The nuclear question is where the public accounts diverge most sharply. The US says the MoU includes Iran agreeing “in principle” to dispose of its enriched uranium stockpile — all roughly 2,000 kilograms of it, not just the 450 kilograms enriched to near-weapons-grade levels. Iran says it has made no such commitment. Those two positions cannot both be true, and whichever is accurate will define whether the 60-day negotiating period produces anything real or simply defers the confrontation by two months.

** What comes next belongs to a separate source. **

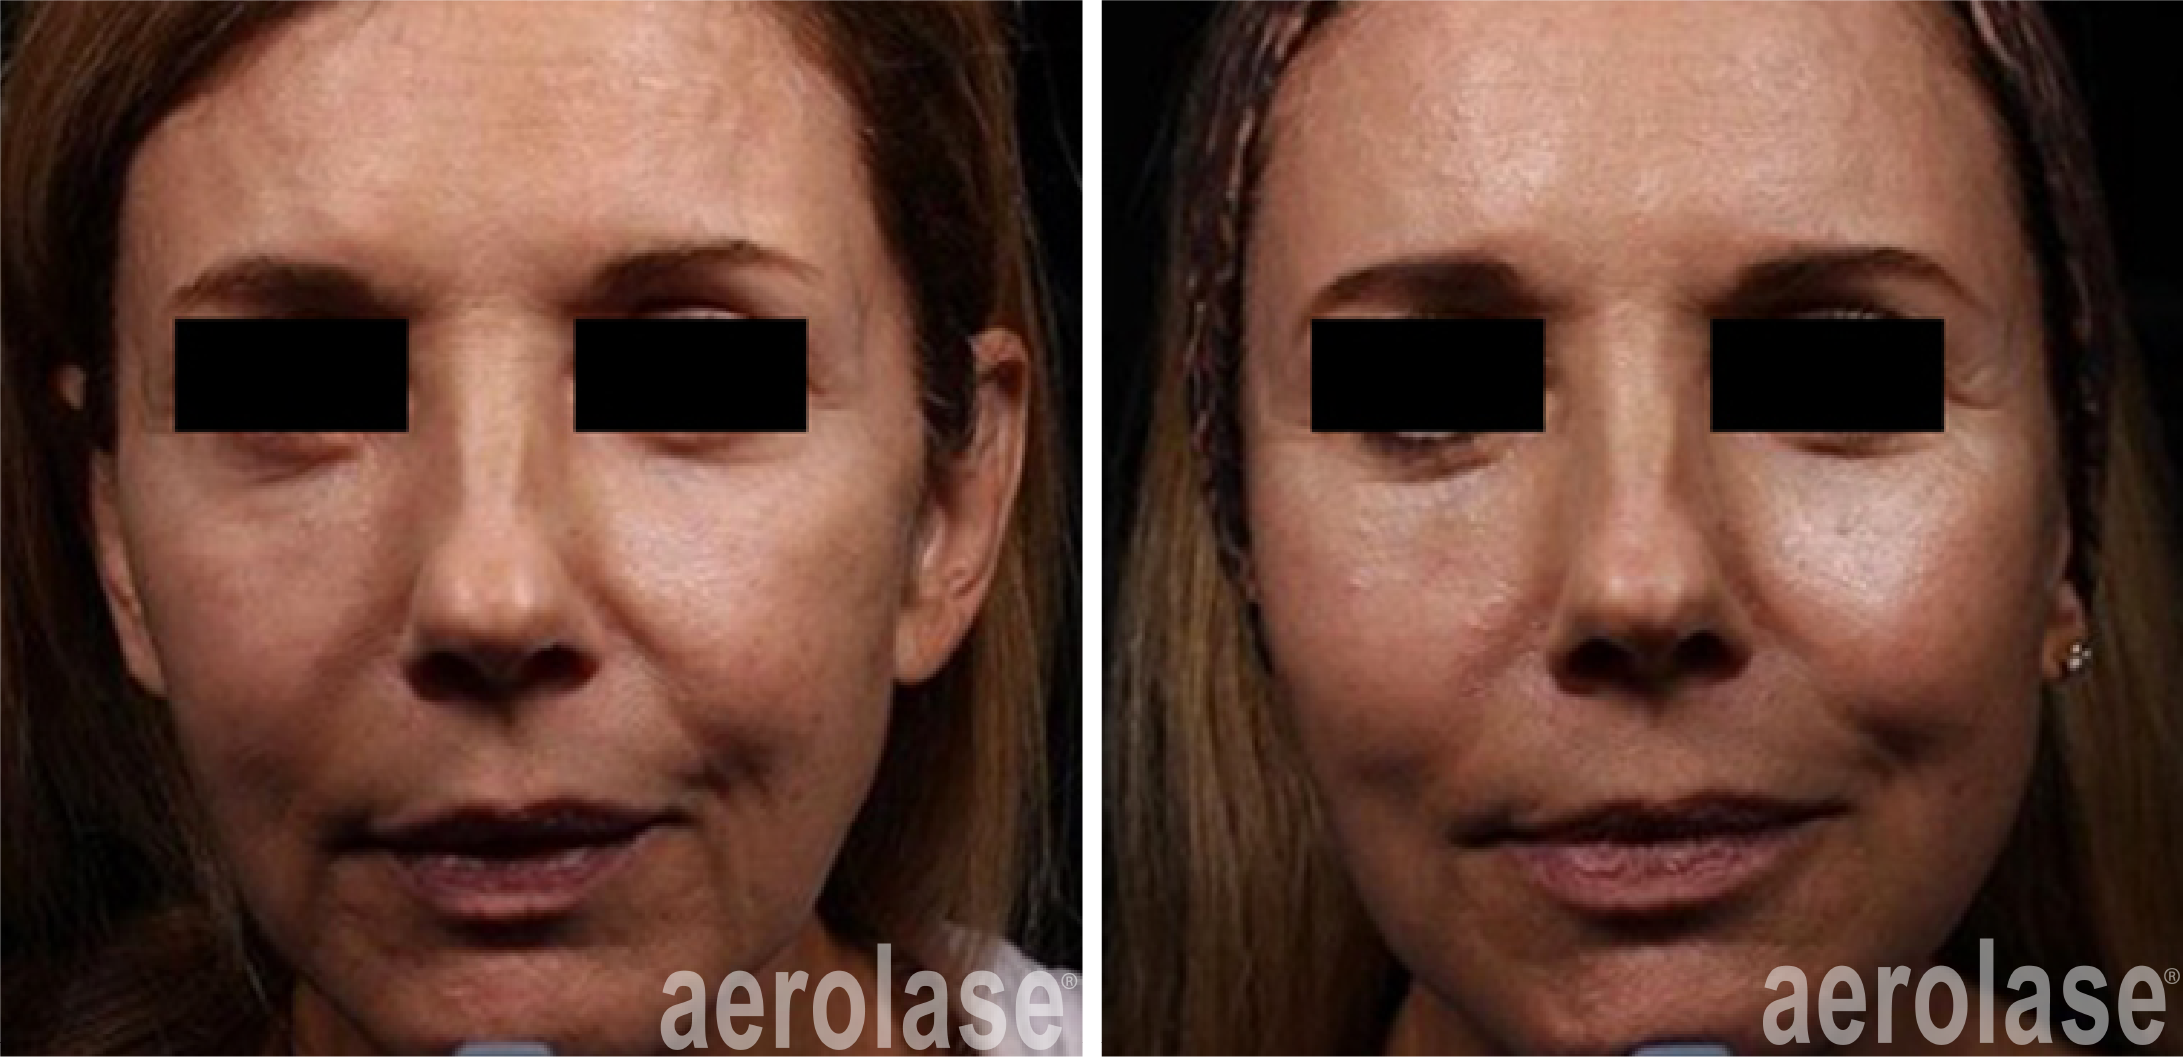 aerolase-neoskin-skin-rejuvenation-after-2-treatments-combined-with-threads-and-filler-one-aesthetics.png

There is a third complication developing in Jerusalem. CNN’s live coverage Monday reported that Israeli opposition leader Yair Lapid called the emerging agreement “a disaster,”. Israel’s Knesset passed a preliminary dissolution bill 110-0 last Wednesday, opening the path to elections as early as September. Netanyahu, whose government is already fracturing over the ultra-Orthodox conscription dispute, is now navigating the Iran deal’s terms while facing the prospect of a campaign. The deal Trump is negotiating does not, according to Axios reporting, resolve the war between Israel and Iran — the draft MoU makes clear that the Israel-Iran conflict is a separate matter. Netanyahu spoke with Trump on Sunday and expressed “deep appreciation” for the president’s commitment to Israel’s security, while also saying publicly that any final agreement must eliminate Iran’s nuclear program entirely.
Brent crude fell to $96.14 by Monday evening — the market’s best read on the probability of the strait reopening. The ships are still waiting.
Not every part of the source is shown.